I wrote a guide to the presidential candidates about a month ago, and I said at that time that given the issues John McCain seemed like the best candidate. I think alot of my warm feelings for him came from my days as a Democratic Party campaigner four years ago, when there briefly seemed to be a very good possibility that he might breach the partisan divide and run with John Kerry. For years McCain was the good conservative to alot of liberals, who was beyond petty bickering and division. I'm not the only one who has felt this way. Matt Welch, author of John McCain: The Myth of a Maverick, has expressed that he had a brief love affair with McCain when he became an antagonist towards the Religious Right back in 2000. Welch changed suit when he began reading McCain's books, and has actually contended that McCain was the neoconservative choice over George W. Bush in 2000.

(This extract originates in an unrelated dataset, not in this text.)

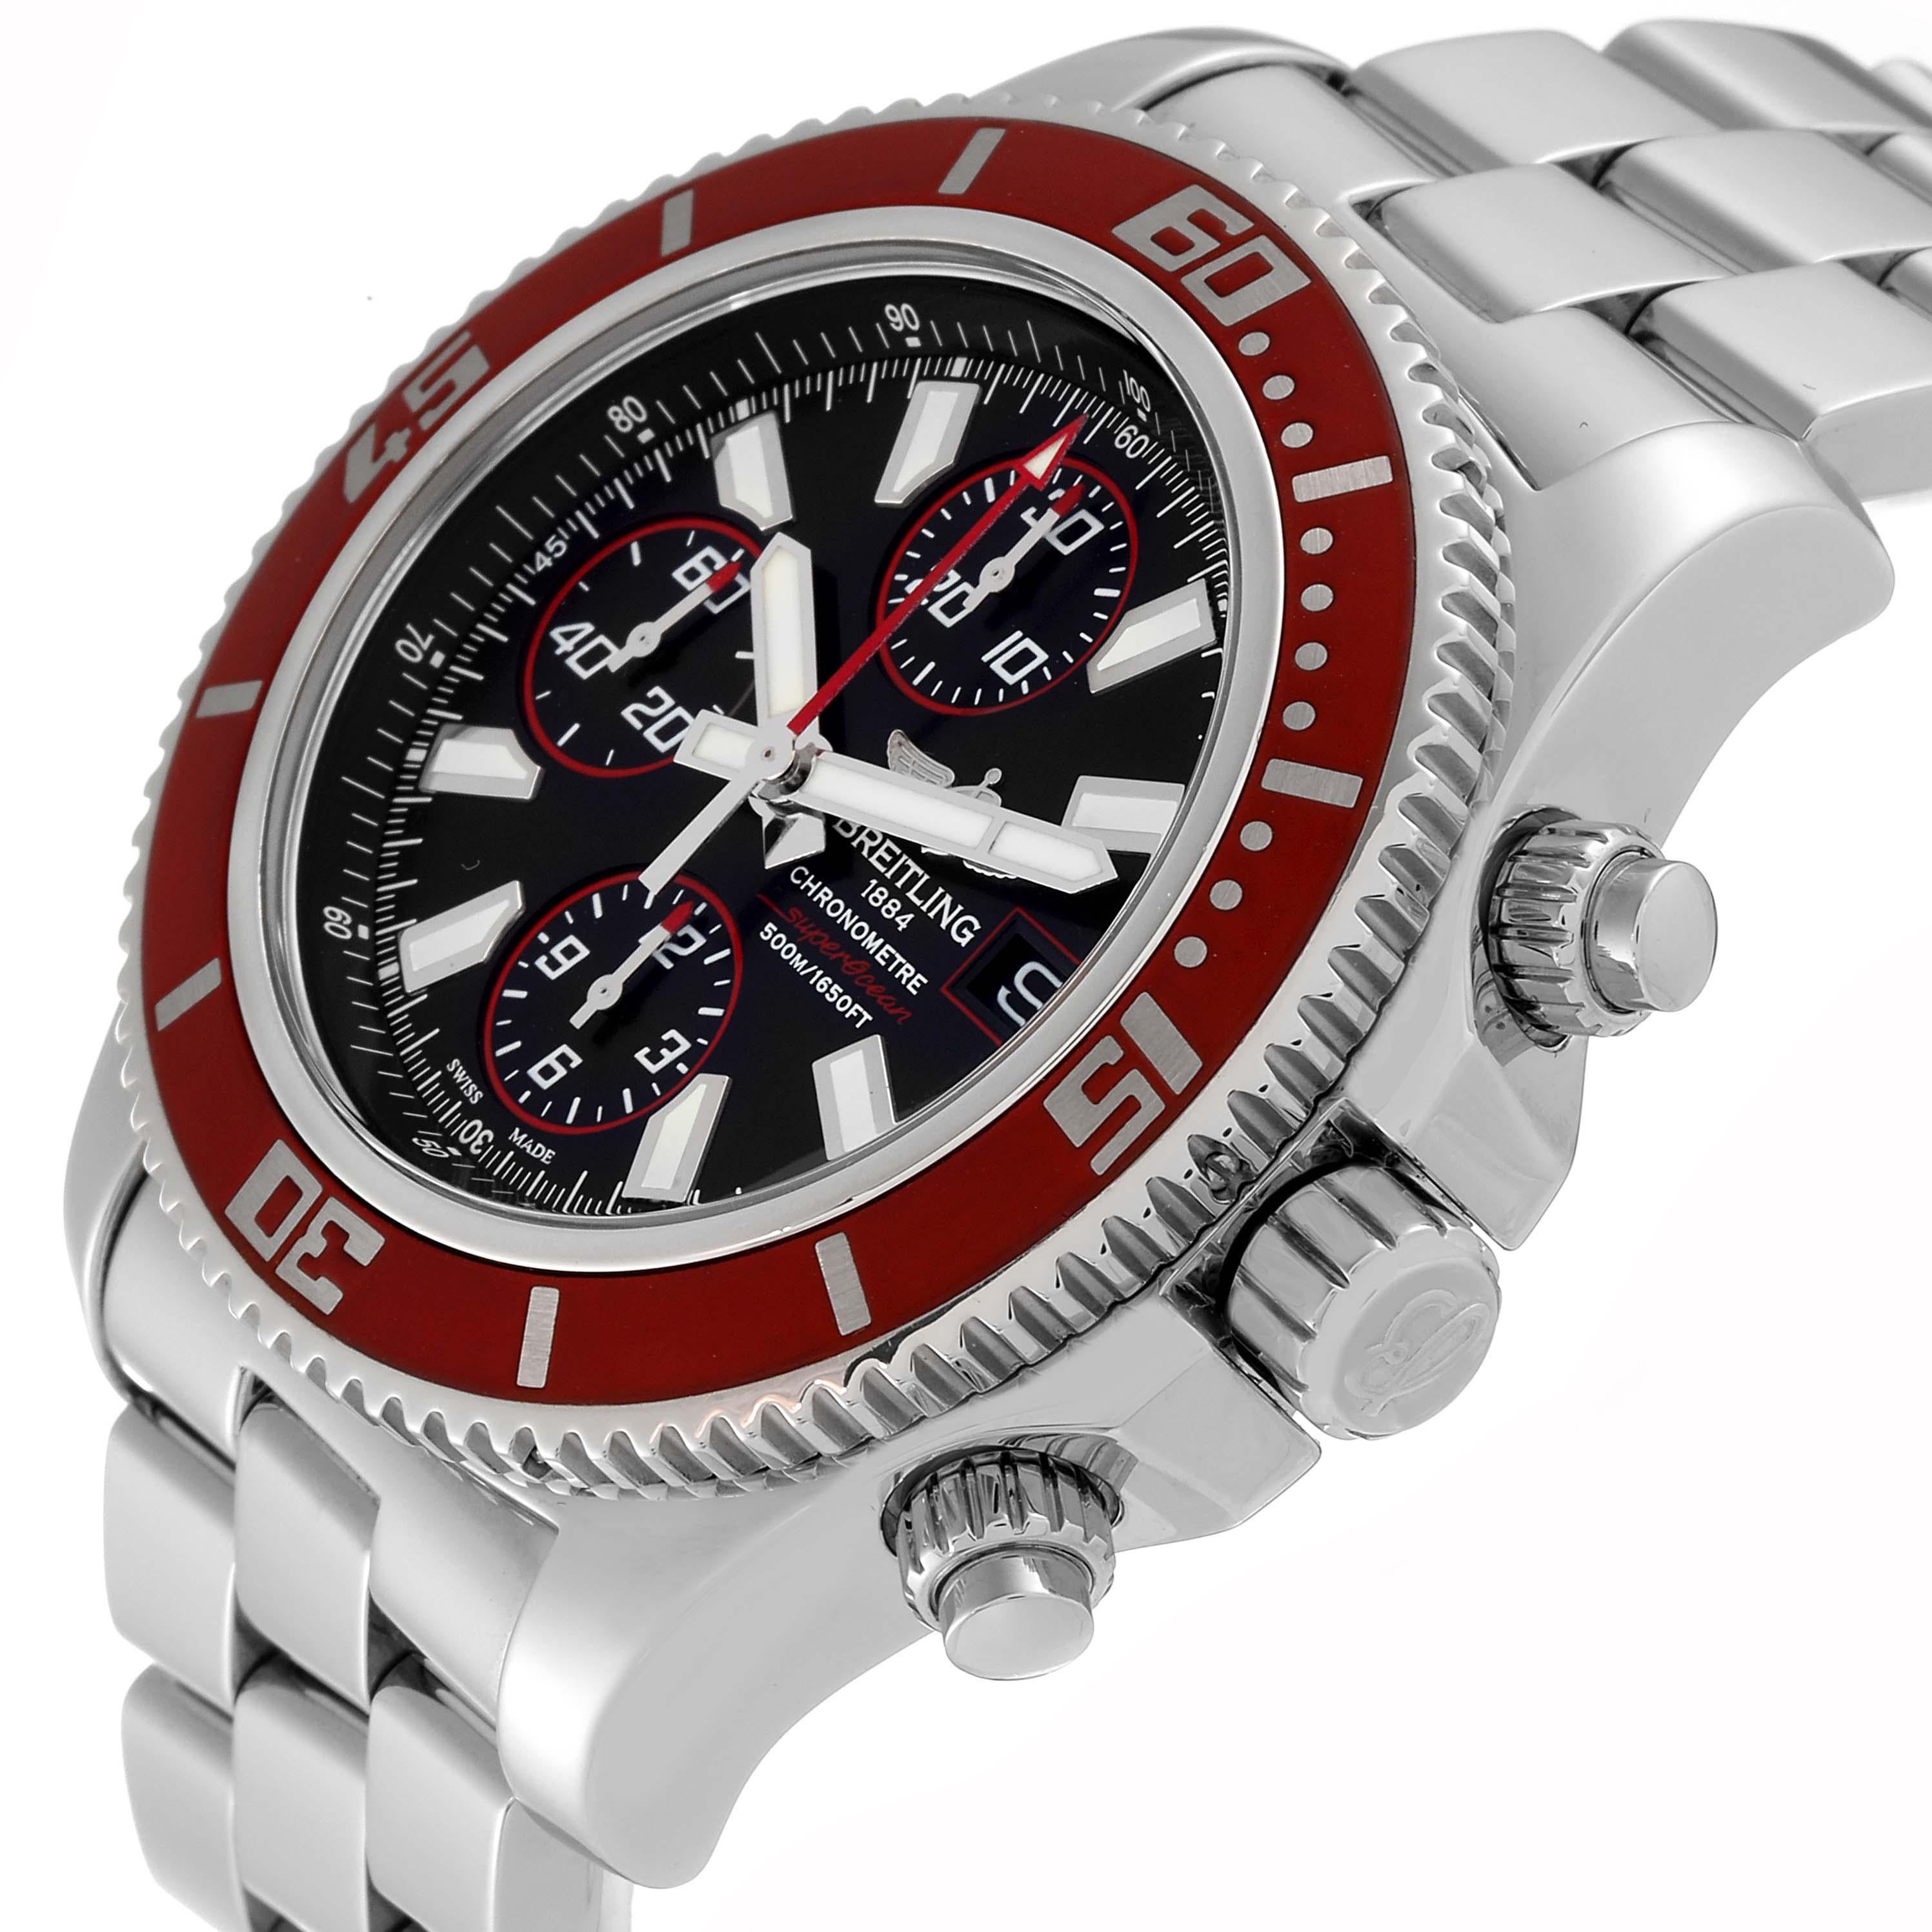 Breitling Aeromarine SuperOcean II Red Bezel Limited Edition Mens Watch A13341 For Sale 1

Dan Carlin, host of the podcasts Common Sense and Hardcore History, picked out John McCain along with Ron Paul as candidates to support in the midst of all the liars and "weasels" that were running for the highest office. Carlin later repudiated that after McCain beat down Paul as being an isolationist of the strand that inadvertently kept Hitler in power. Like with myself and Welch, Carlin probably had developed warm feelings for McCain more due to his pragmatic personality and amazing and inspirational life story than real policy stances.
This presidential cycle should be enlightening as we will get an image of John McCain as a prospective president, and not simply as a man worthy of admiration. In an election where change is forefront, we may start to wonder if McCain is not as different from Bush as we had originally thought.